Années France-Corée : le document oublié
Invention de l’imprimerie
Bibliothécaire « espionne »
Le livre en question fait partie du programme « mémoire du monde » de l’UNESCO. Il appartient surtout au fond ancien de la bibliothèque. Autrement dit, impossible de le manipuler sans la présence d’un conservateur. L’intervention de ce dernier et la préparation du tournage sont facturés 220 euros de l’heure.

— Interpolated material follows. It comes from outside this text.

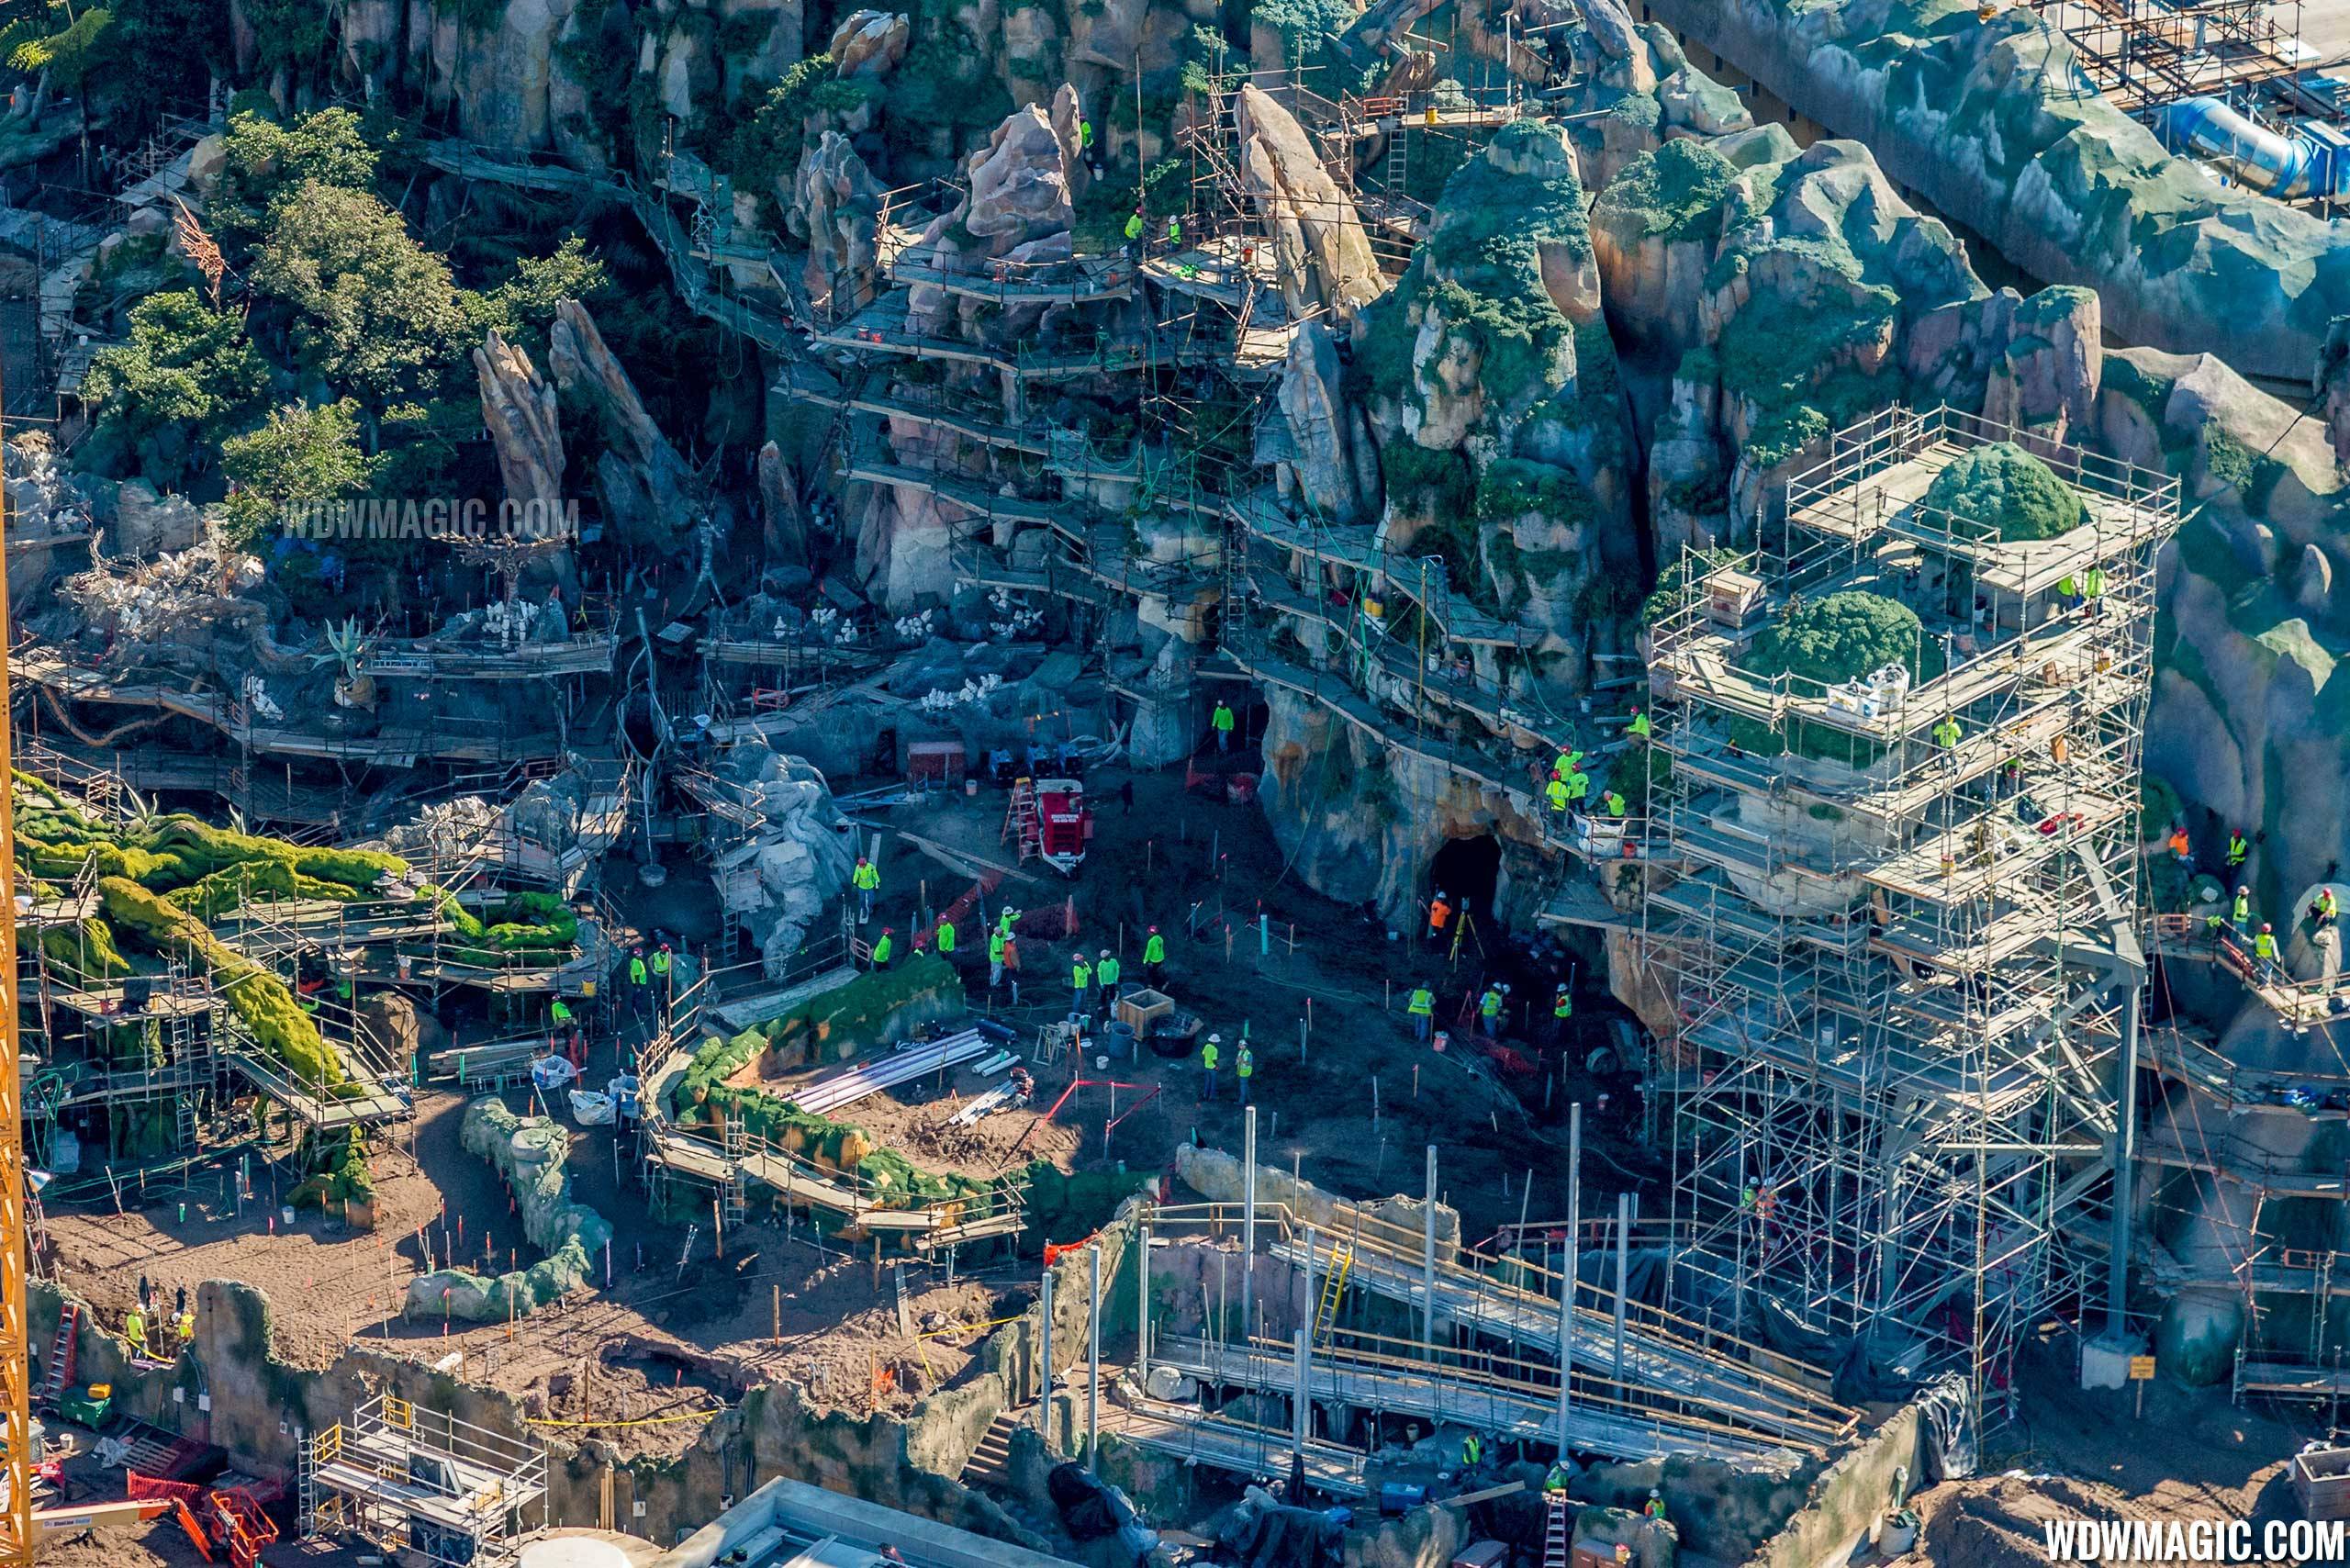 Aerial views of 'Pandora - The World of Avatar' under construction

Le producteur nous interrompt : « Ce n’est pas un problème d’argent, nous étions disposés à payer ! C’est un problème politique ! Quand Madame Park a redécouvert le livre dans les réserves de la bibliothèque à la fin des années 1960, ils l’ont accusé d’espionnage. » Décédée en 2011, Park Byung-sun a effectivement travaillé à la BNF sur le fond oriental et a contribué dans les années 60 à la redécouverte du Jikji, révélé une première fois au public en 1901 par Maurice Courant dans sa célèbre Bibliographie coréenne. En 1972, la Bibliothèque Nationale de France lui consacrera une exposition, et depuis plus rien !

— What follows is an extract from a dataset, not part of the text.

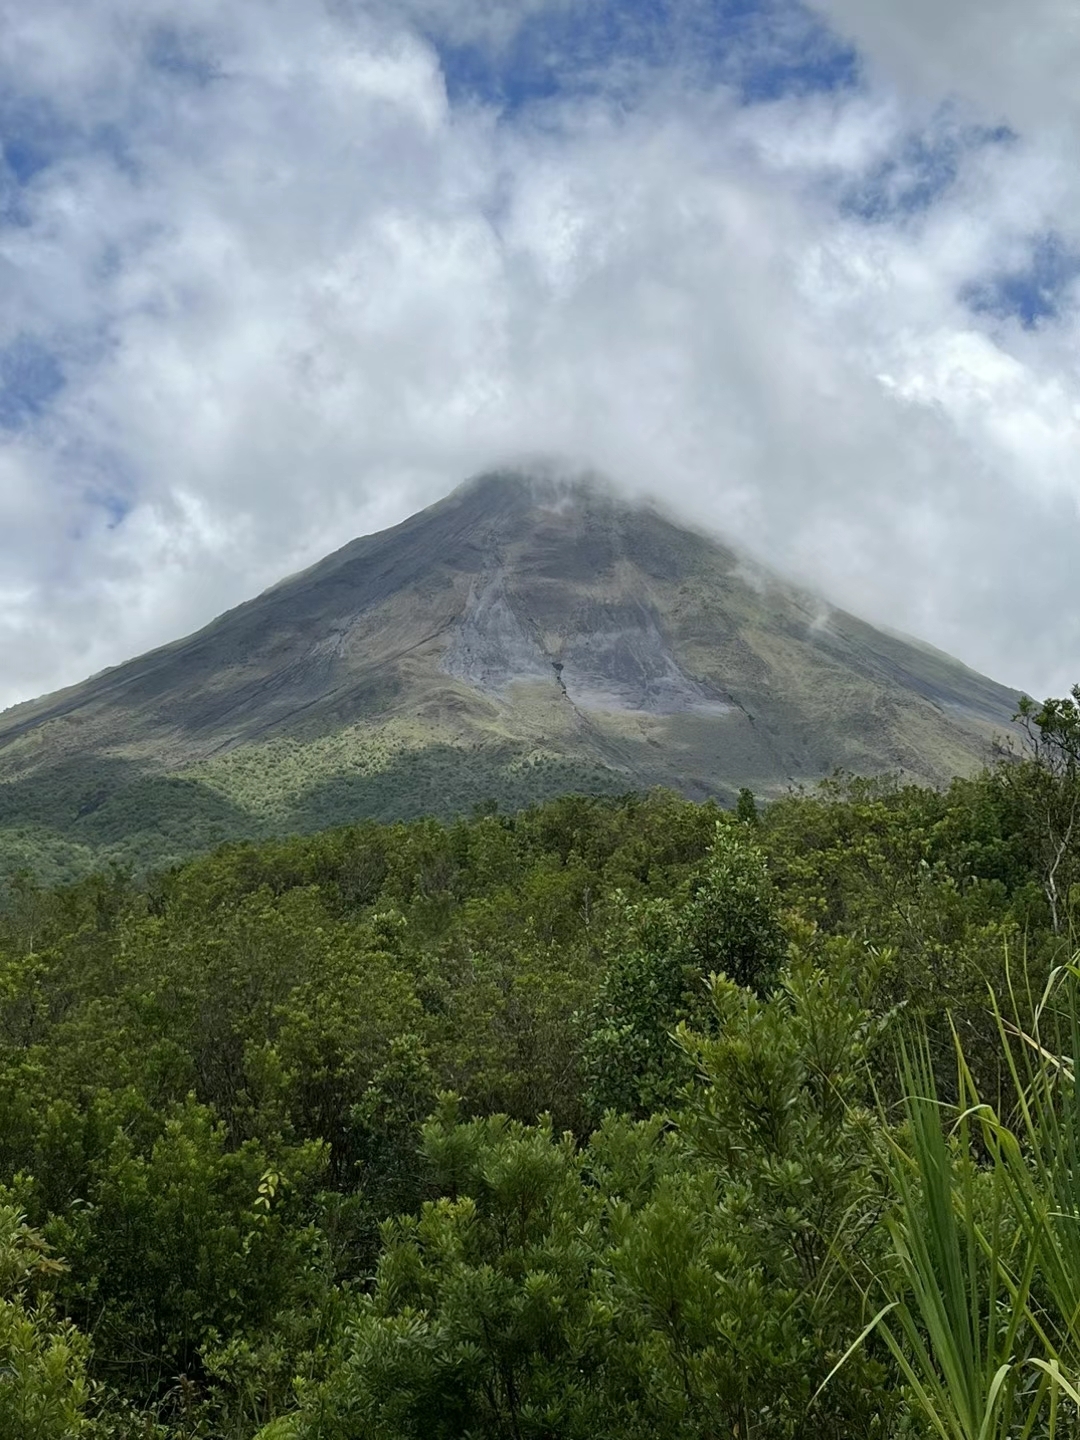 ARENAL VOLCAN是哥斯达黎加最漂亮的火山，最著名的景点，游客众多。 火山顶云雾缭绕，难见真

Patate chaude diplomatique
Des autorisations à la gueule du scénario, des conservateurs seuls maîtres à bord et probablement très (trop?) sollicités par les demandes de tournage venues de Corée… « Ce sont les règles de la BNF et nous ne pouvons pas interférer », nous expliquera plus tard d’une voix hésitante le service de presse du Centre Culturel Coréen à Paris. Il est vrai que le sujet est sensible. Le centre est responsable de la programmation de ces années croisées avec les Instituts Français. « On réfléchit à ‘faire quelque chose’ autour du Jikji l’année prochaine, à l’occasion de l’année de la France en Corée, poursuit notre interlocutrice. Ce n’est pas sûr, pour l’instant, on ne sait pas. »

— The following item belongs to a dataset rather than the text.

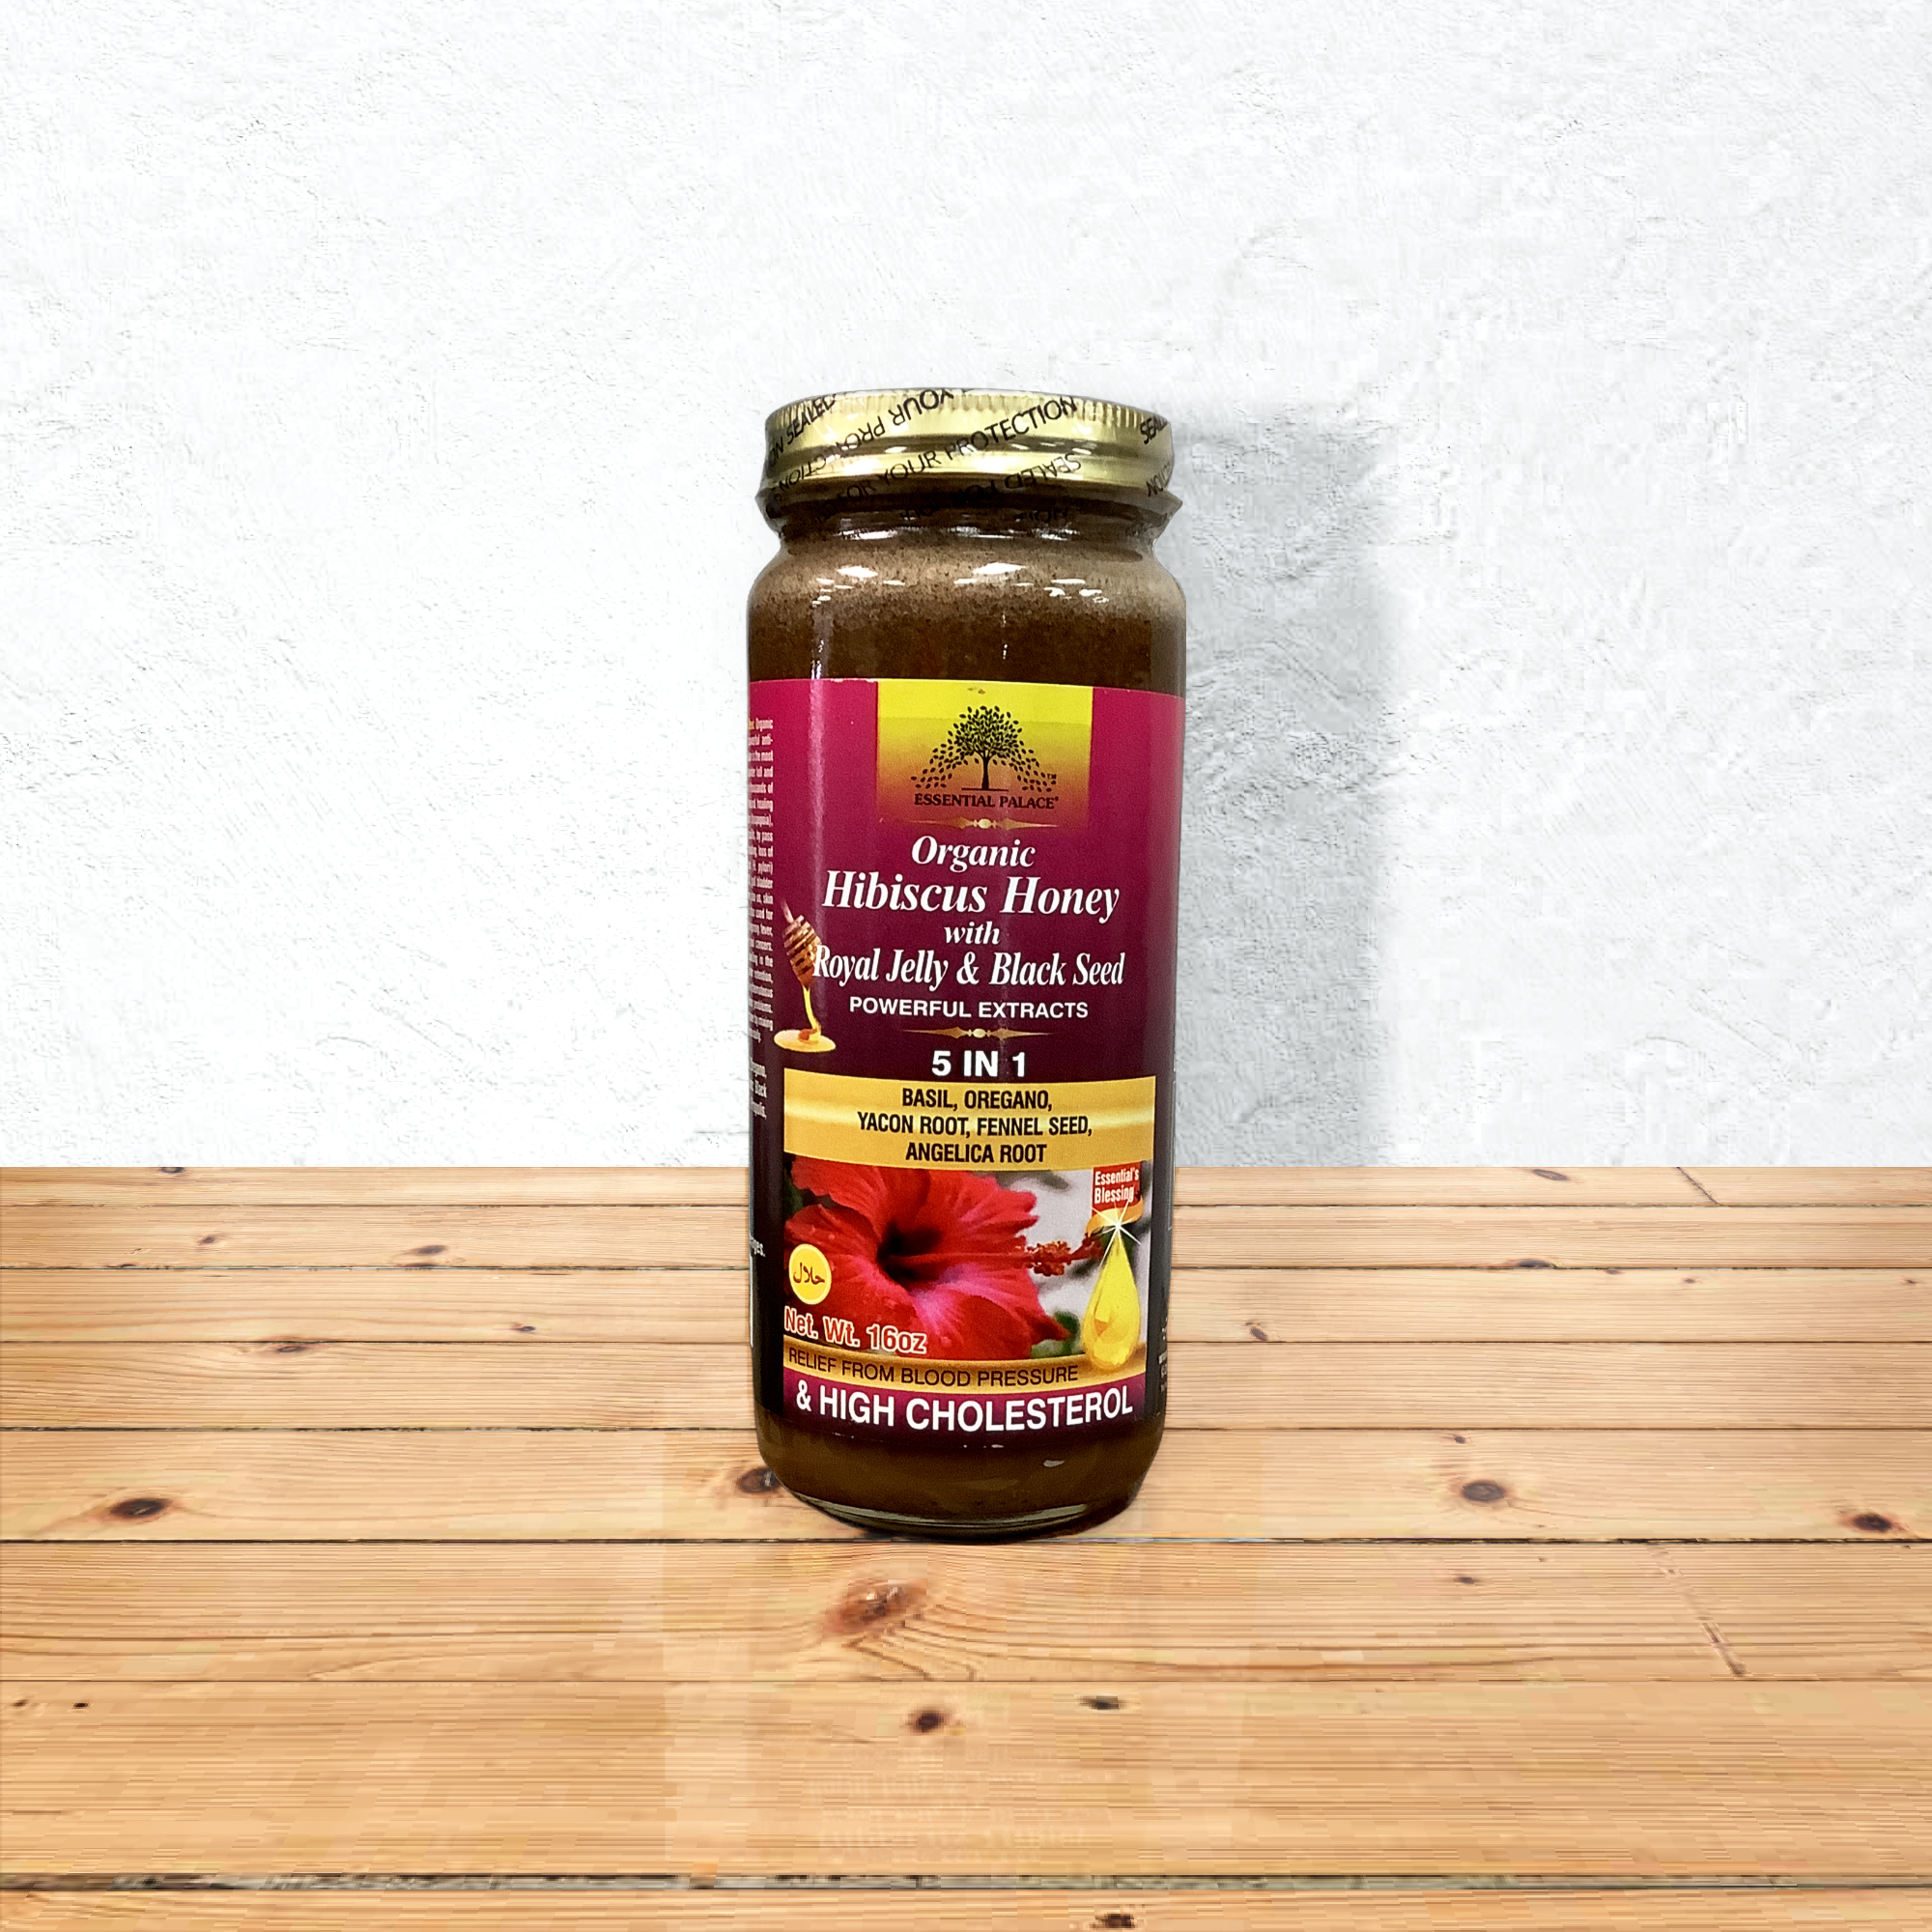 Organic Hibiscus Honey W/ Royal Jelly & Black Seed

« Aucune promotion n’est organisée autour du Jikji… la BNF ne fait pas son travail de vulgarisation auprès du public », se lamente encore Kevin Chang. Les 38 pages du livre attribuées au moine bouddhiste Seon Baegun restent en effet une patate chaude entre Paris et Séoul, alors que certains en Corée militent pour le retour de l’imprimé au pays. Difficile dans ces conditions de mettre le sujet sur la table alors qu’on célèbre le 130ème anniversaire des relations diplomatiques entre la Corée et la France.